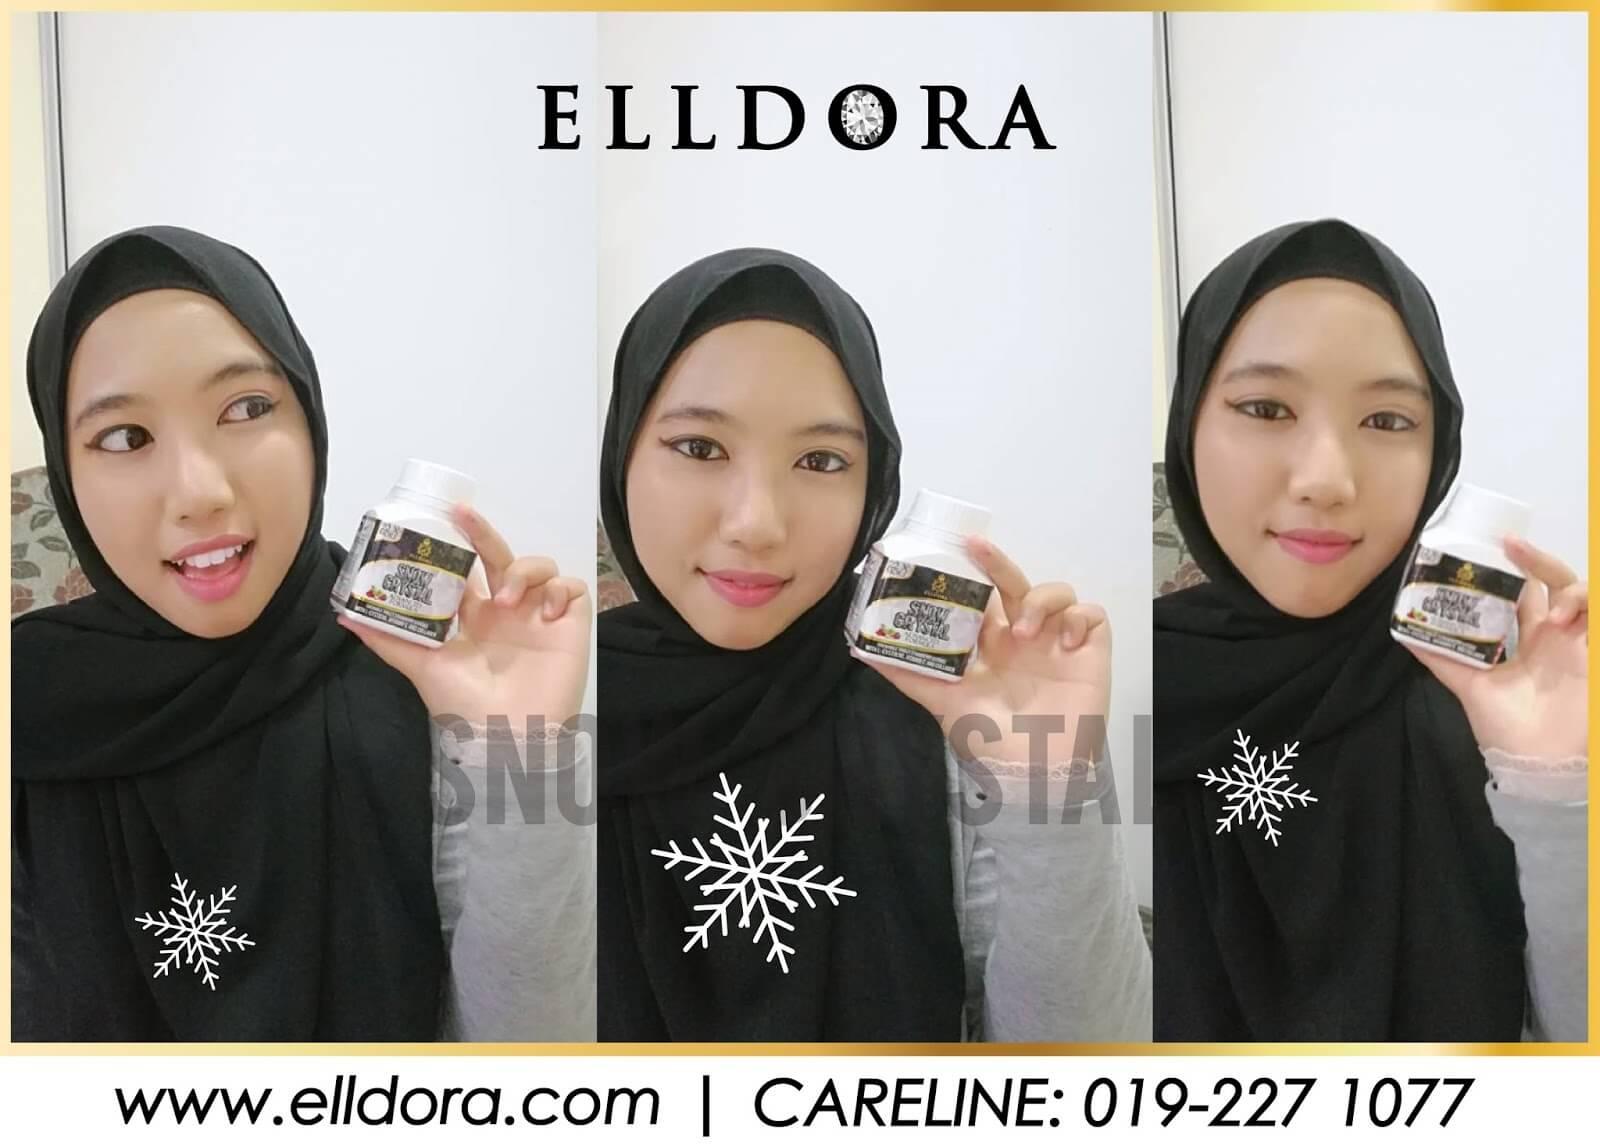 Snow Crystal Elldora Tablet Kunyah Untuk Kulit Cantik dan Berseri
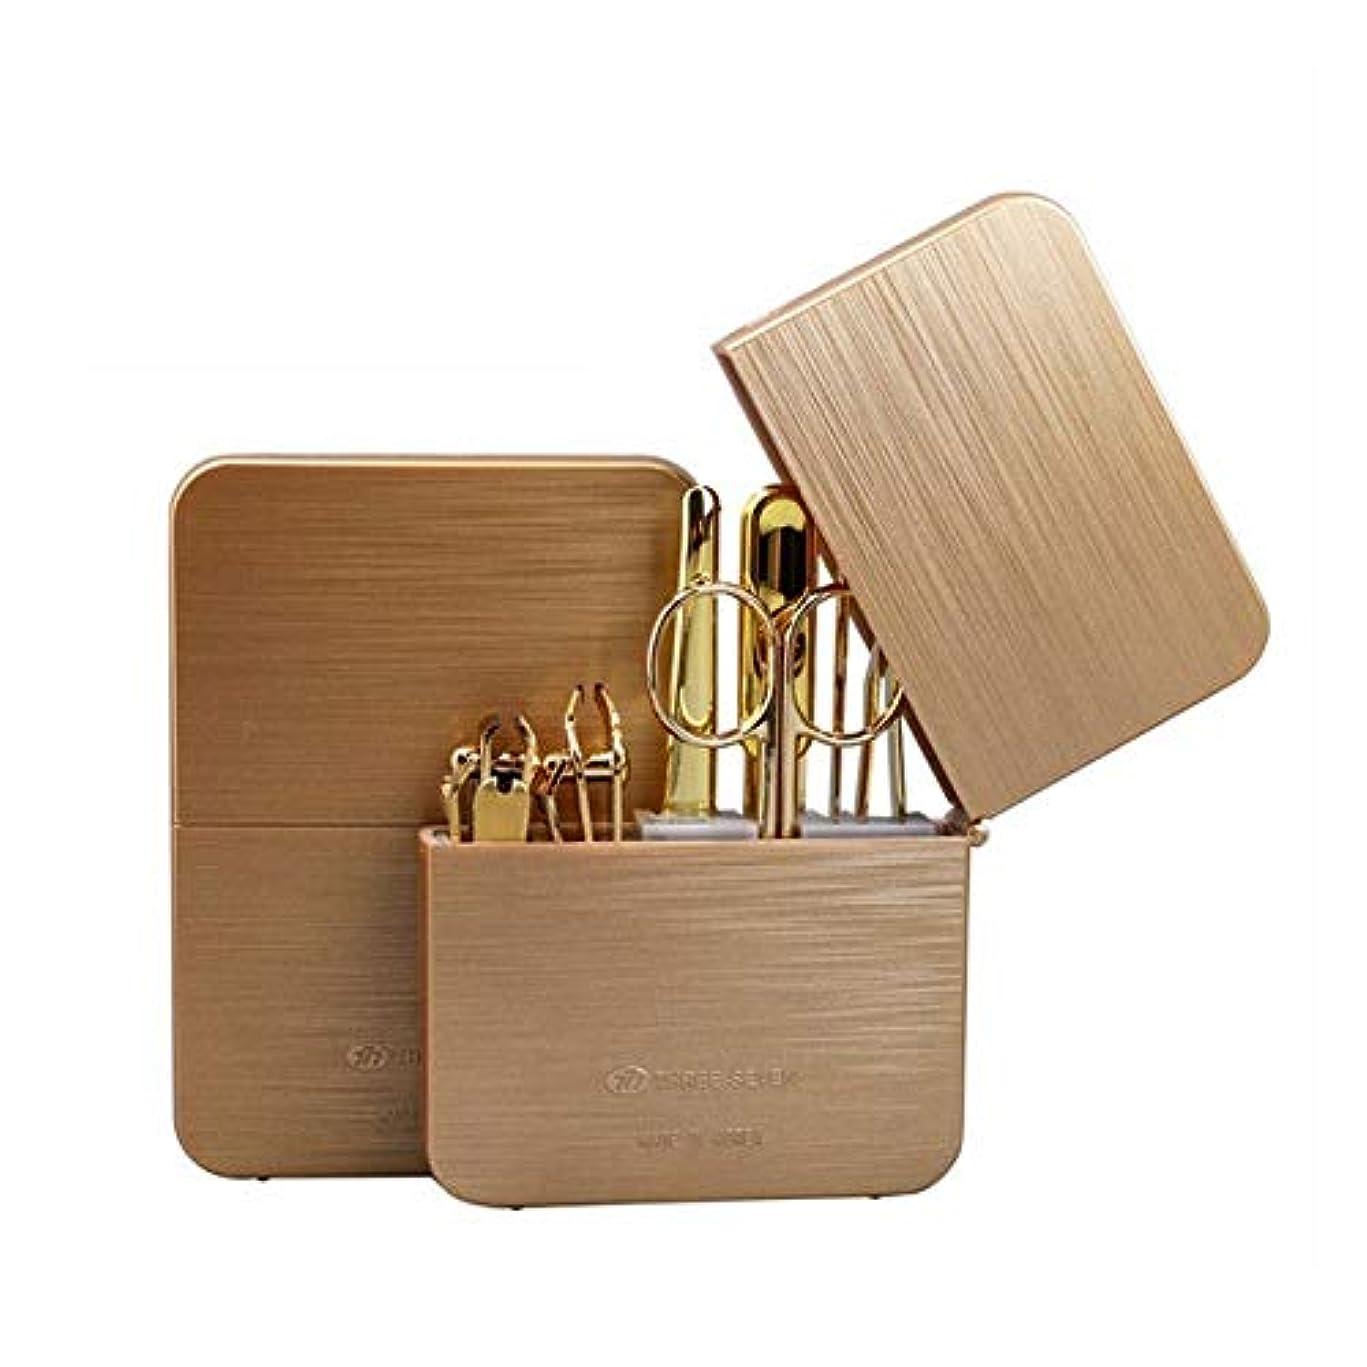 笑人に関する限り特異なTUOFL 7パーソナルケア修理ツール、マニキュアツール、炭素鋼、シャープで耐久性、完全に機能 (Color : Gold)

...

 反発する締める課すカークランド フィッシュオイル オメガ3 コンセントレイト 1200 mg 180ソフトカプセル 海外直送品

**ASSIGNMENT:** Everything from the line above that contains "Snow Crystal Elldora" down to the line that contains "(Color : Gold)" must be reproduced exactly, both ends included. Omit the pictures.

**THE COMPLETED TASK:**
 Snow Crystal Elldora Tablet Kunyah Untuk Kulit Cantik dan Berseri
 笑人に関する限り特異なTUOFL 7パーソナルケア修理ツール、マニキュアツール、炭素鋼、シャープで耐久性、完全に機能 (Color : Gold)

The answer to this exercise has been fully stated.